Но здесь, у нас; в стране стран,

Все изменилось от кровли до основания:

Праздник приходит и окружает

Самые будничные будни,

Верностью, лаской и славой,

И над ними расстилается

Красочная, прекрасная радуга.

(Прозаический перевод А. Г.)

Поэт бесконечно, благодарен своей родной стране за то, что она научила его сберечь в душе огонь поэзии и дала ему неиссякаемый источник жизни.

МОЯ СТРАНА

Я благодарен тебе за очень многое,

Но больше всего-- за то чувство,

Что ты нынче пробудила во мне,

Что ни вихрь в пути

И ни снег, который хлещет и жжет,

Не могут потушить из сердца песню.

Когда-то в поле — тот же снег

Своим стенаньем, своим круженьем

Напомнил мне о белом покое,

Которого я до сих пор к себе не допускаю,

И глубоко во мне живет желанье

Не допускать еще очень долго.

(Прозаический перевод А. Г.)

В лирике Галкина, как у других подлинных советских поэтов, мы начинаем ощущать силу освобожденного человеческого чувства, начинаем ощущать новый, социалистический гуманизм, поднявший на небывалую высоту человеческое достоинство. Вот почему, даже когда Галкин и .не говорит непосредственно о нашей социалистической стране мы в прозрачных и глубоко человеческих его стихах чувствуем дыхание взлелеявшей его поэзию родины, впервые за всю свою долгую историю свободно вздохнувшей полной грудью. В этом глубокий социальный смысл лирики Галкина. {189}

За последнее время С. Галкин выдвинулся; также в области драматургии. Сближению его с театром очень содействовала его работа над переводом на еврейский язык шекспировского «Короля Лира», поставленного Московским государственным еврейским театром. Перевод отмечен замечательным поэтическим мастерством. Много своеобразия и лирической прелести внес Галкин и в свой новый текст старой пьесы А. Гольдфадена «Суламифь», сделанной по поручению того же театра. Но подлинным литературным событием явилась его последняя работа — драматическая поэма «Бар-Кохба», поставленная в марте нынешнего года Московским еврейским театром. Поэт Галкин помог театру создать исторический спектакль большого героического звучания.

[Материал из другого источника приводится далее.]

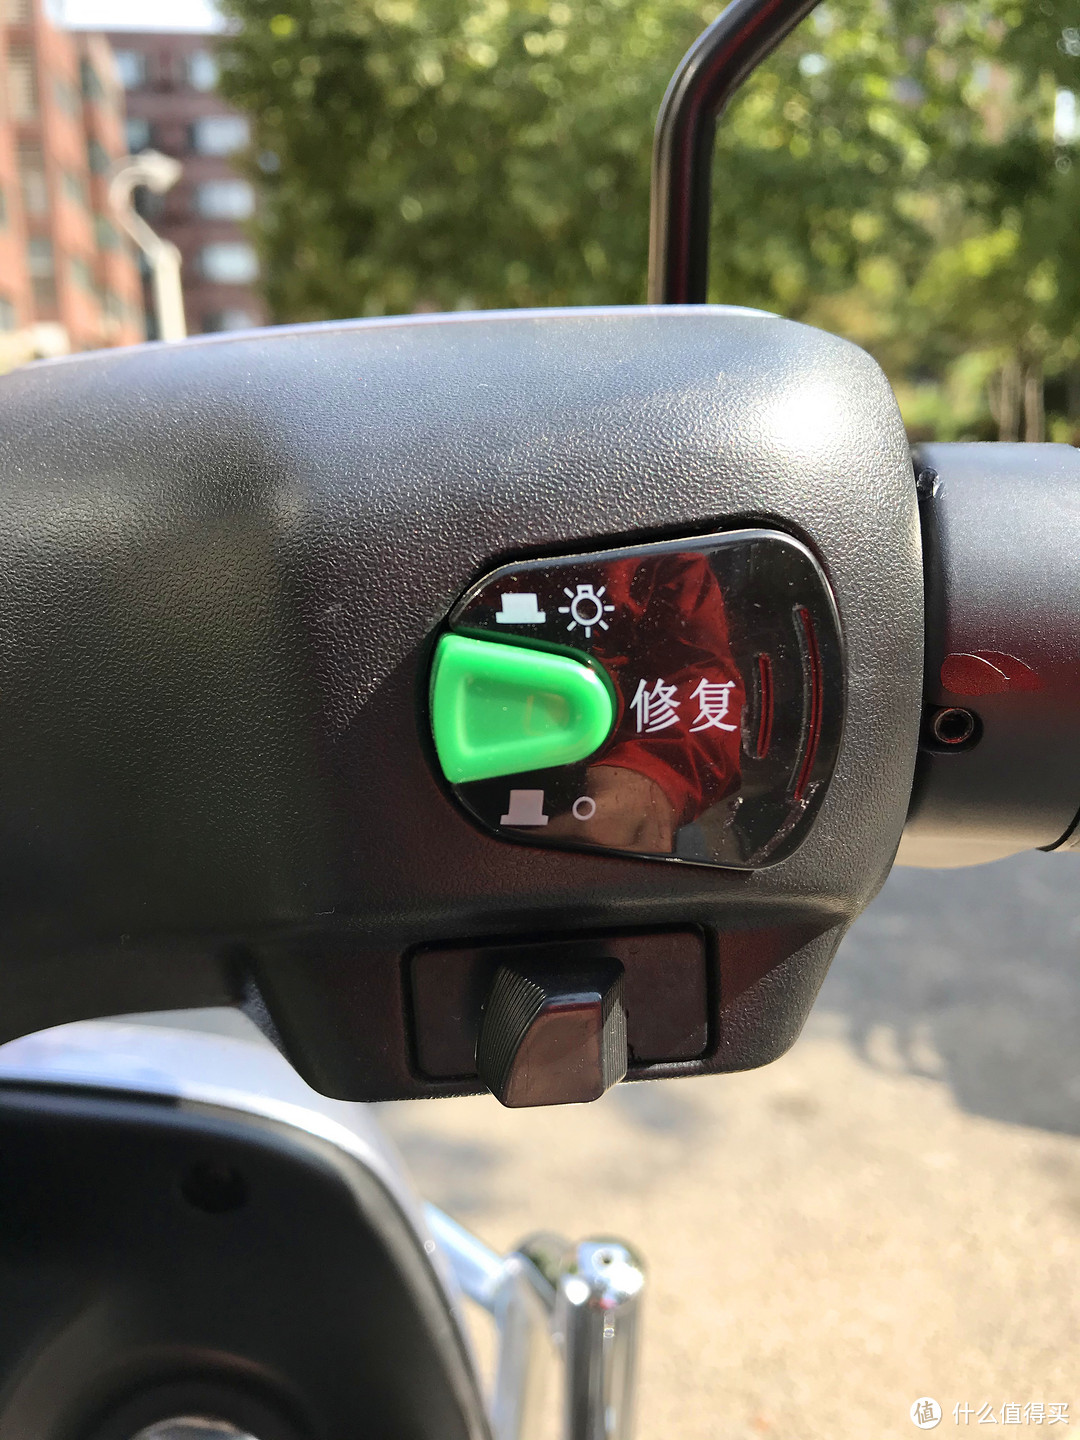 右侧最大按钮是修复按钮，绿色的是前大灯开关，是的，大灯能关上。下方是调速按钮，能选择1、2、3挡，这个代替了以前的经济、爬坡、负重那种功能。

Работая над исторической темой, Галкин (заодно с театром) поставил перед собой задачу — показать элементы народного героизма, который постоянно жил в борьбе народных масс против своих угнетателей и притеснителей, в борьбе за свободу, честь и независимость. С этой точки зрения взятый Галкиным исторический эпизод — восстание еврейского народа во главе с Бар-Кохбой против владычества Рима — является чрезвычайно значительным.

Перед поэтом стояла, прежде всего, трудная идеологическая задача, потому что вокруг далекого восстания Бар-Кохбы еврейские националисты разных толков сплели националистическую легенду, в которой совершенно затерялось реальное историческое содержание этого народного восстания. Поэту надо было освободить народного богатыря Бар-Кохбу, поведшего народ на борьбу за свободу, от националистических цепей, в которые его пытались заковать буржуазные националисты. С. Галкин задачу эту разрешил, предупредив в этом отношении наших историков. Ему удалось восстановить подлинное демократическое содержание восстания Бар-Кохбы.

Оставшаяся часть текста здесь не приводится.